## MATERIAL FOR THE TASK
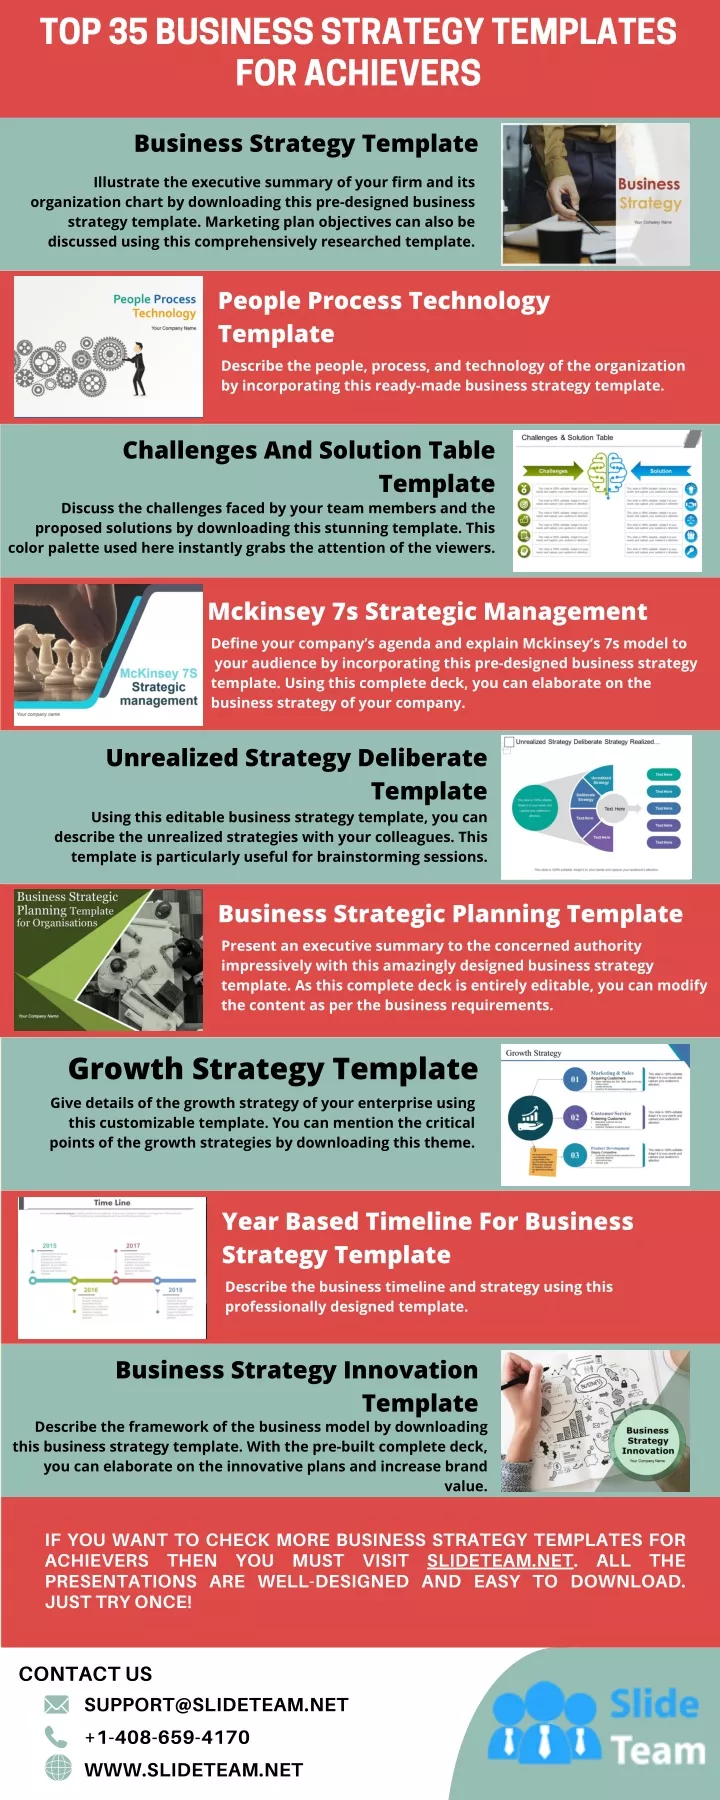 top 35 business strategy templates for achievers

...

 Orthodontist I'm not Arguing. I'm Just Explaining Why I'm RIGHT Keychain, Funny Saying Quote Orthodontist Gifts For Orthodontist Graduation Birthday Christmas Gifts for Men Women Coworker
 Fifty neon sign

## WHAT THE TASK REQUIRES
Of all the entries above, retype exactly the lines from the line with "Orthodontist I'm not" to the line with "Fifty neon sign", both included, and no others.

## THE COMPLETED TASK
 Orthodontist I'm not Arguing. I'm Just Explaining Why I'm RIGHT Keychain, Funny Saying Quote Orthodontist Gifts For Orthodontist Graduation Birthday Christmas Gifts for Men Women Coworker
 Fifty neon sign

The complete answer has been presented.